A Secret Between Gentlemen by Peter Jordaan “details a British Government coverup of a gay scandal involving great names. Hidden for 120 years, it is a history that has never been told, and until recently could not be told.”

[Mark E. Smith] liked HP Lovecraft, whose monster of The Call of Cthulhu and The Dunwich Horror appears in the song N.W.R.A., “Body a tentacle mess”. He quite liked MR James’ Ghost Stories. He liked the more recent, seemingly disgraced, and by then unfashionable, occult fiction of Colin Wilson: The Black Room and Ritual in the Dark.
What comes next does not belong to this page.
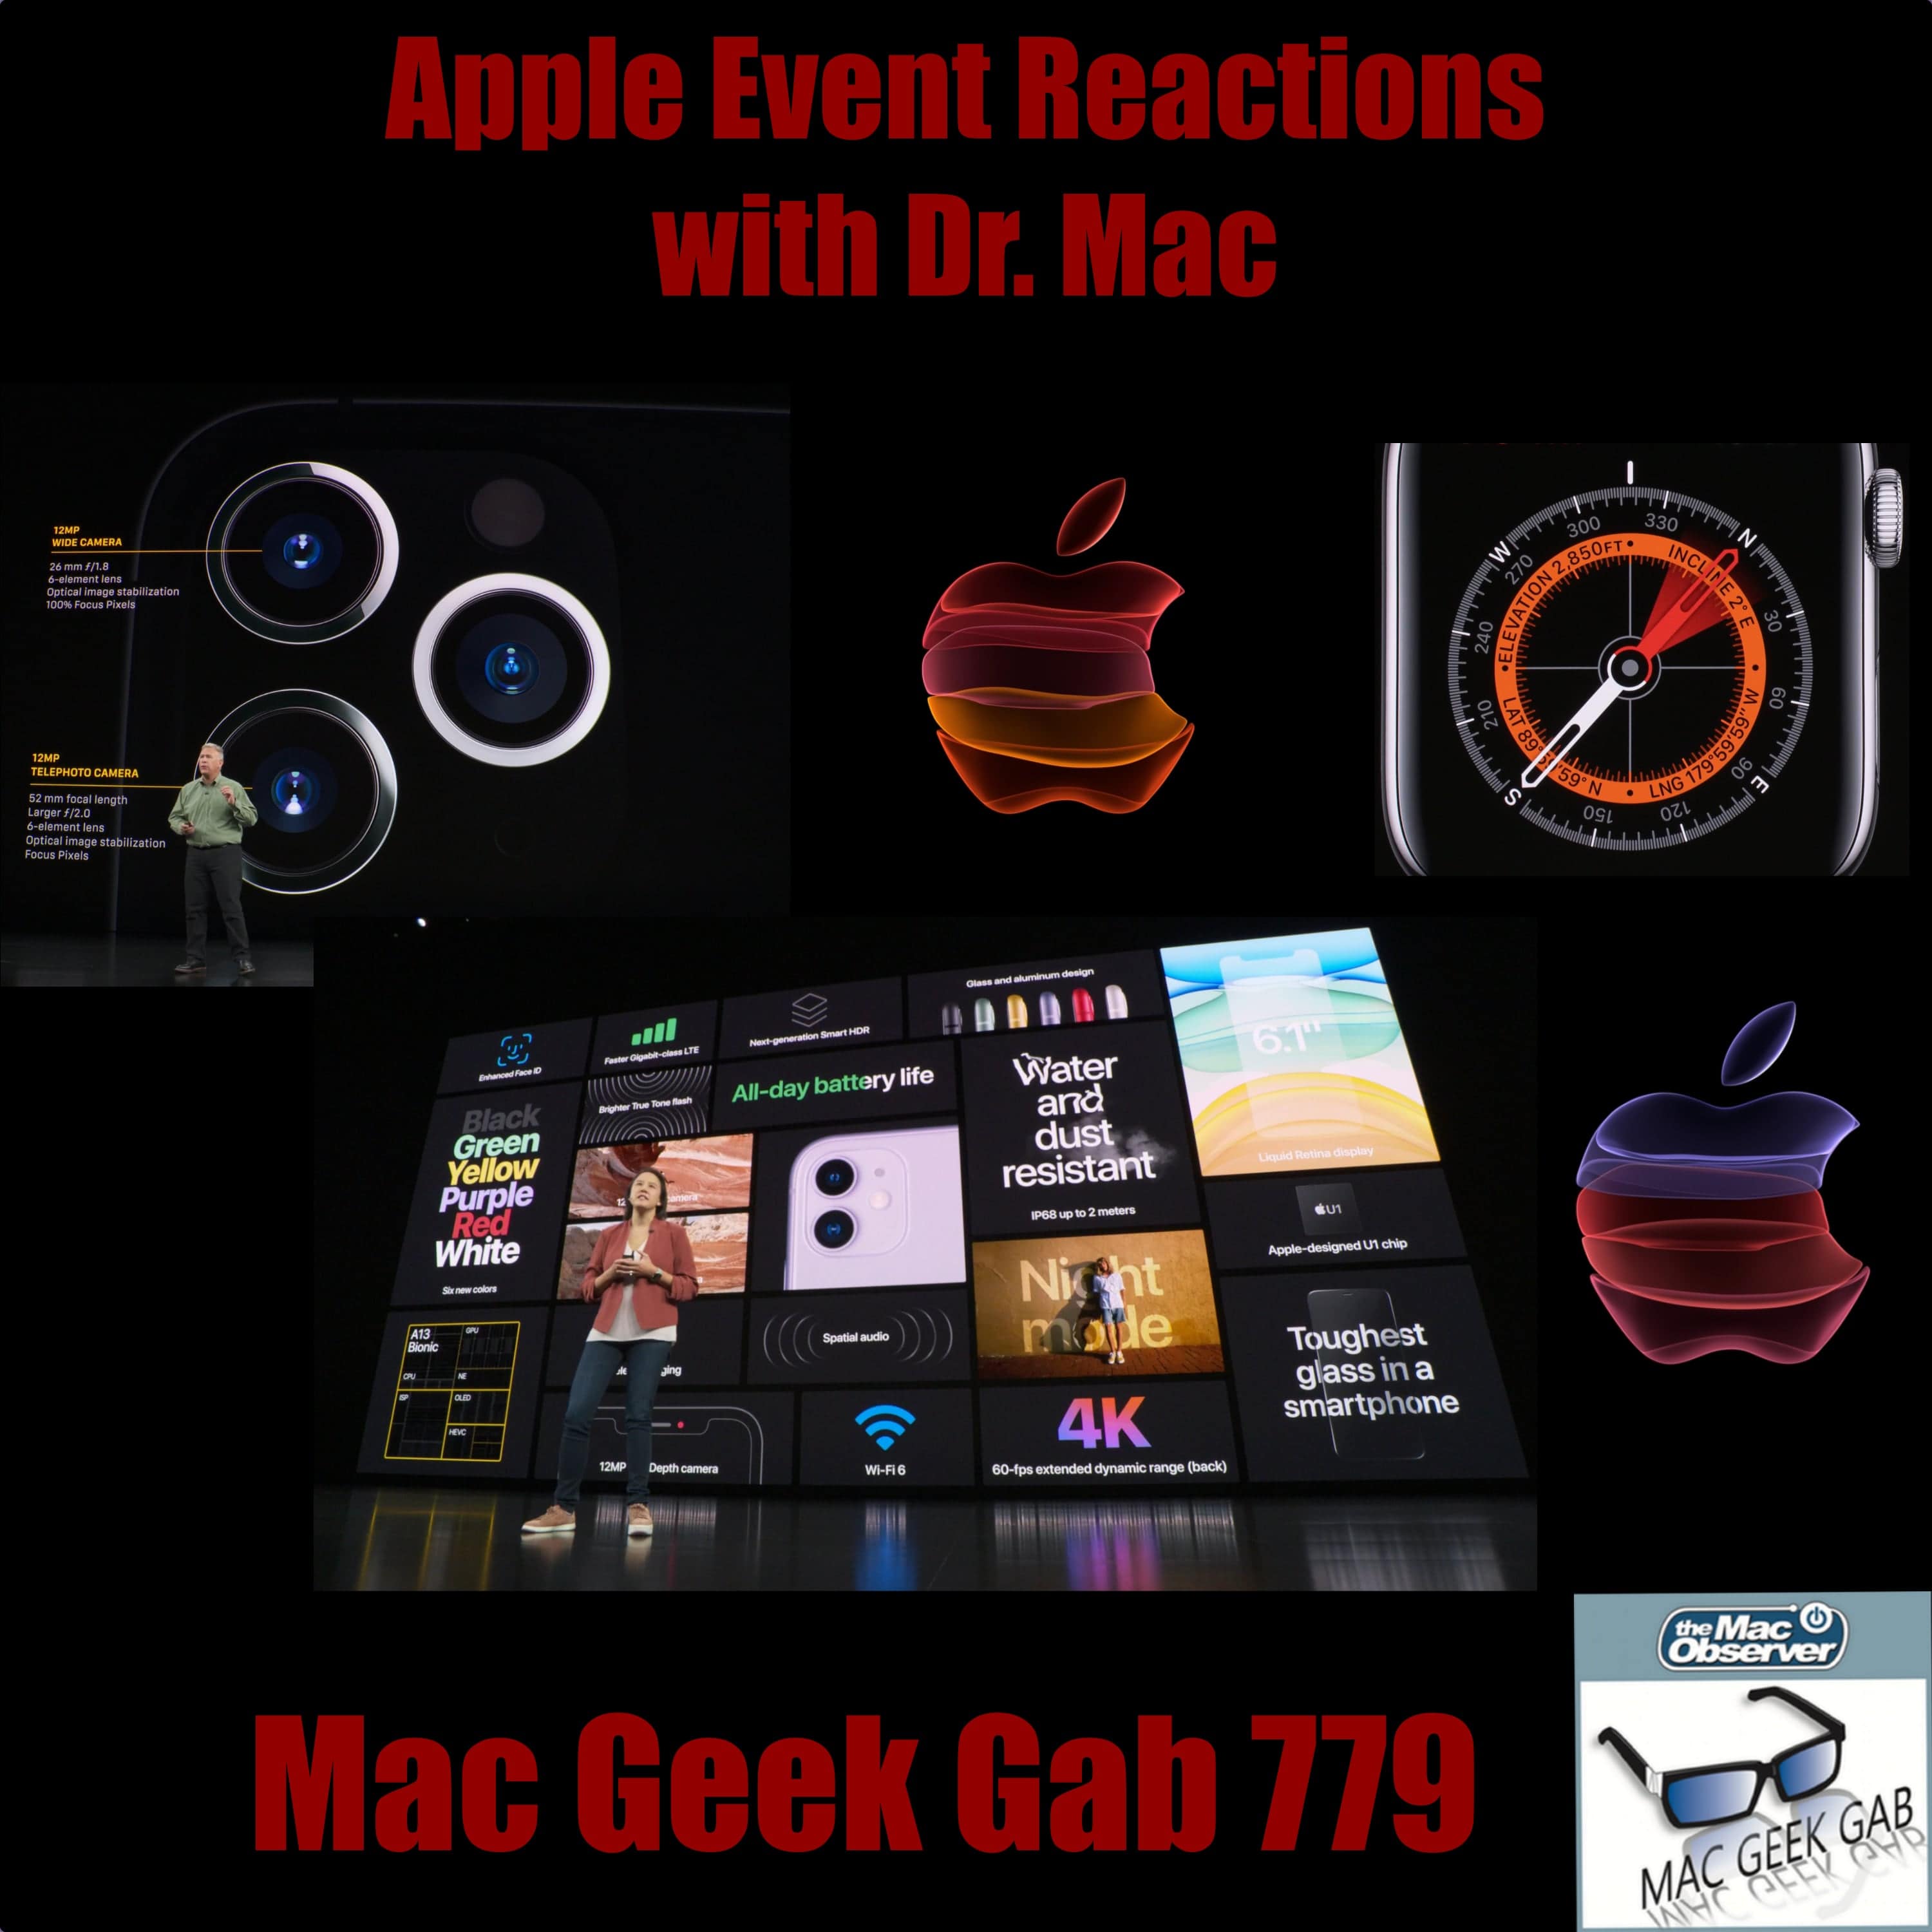 Apple Event Reactions with Bob “Dr. Mac” LeVitus – Mac Geek Gab 779

But He LOVED the writing of early twentieth century Arthur Machen. “Machen’s fucking brilliant.” In his autobiography Renegade he comments, “He lives in this alternative world: the real occult’s not in Egypt, but in the pubs of the East End and the stinking boats of the Thames—on your doorstep, basically.”

Woebot goes deep into the grotesque and esoteric worlds of Mark E. Smith and The Fall

• “It sometimes seems as though inn signs are the symbols and the focus of some great alchemical experiment in the landscape of England.” Mark Valentine on inn signs and some of the theories about their origins.

• “…we’re going back into this shipwreck and, you know, pulling out the gold pieces”. Dennis Bovell on reworking the Pop Group’s incendiary debut album as Y in Dub.

• Mixes of the week: A Wendy Carlos mix by Erik DeLuca for The Wire, and a psychedelic/post-punk mix by Robert Hampson for NTS.

Landscapes is an exhibition of torn-paper collages by Jordan Belson at Matthew Marks Gallery, New York.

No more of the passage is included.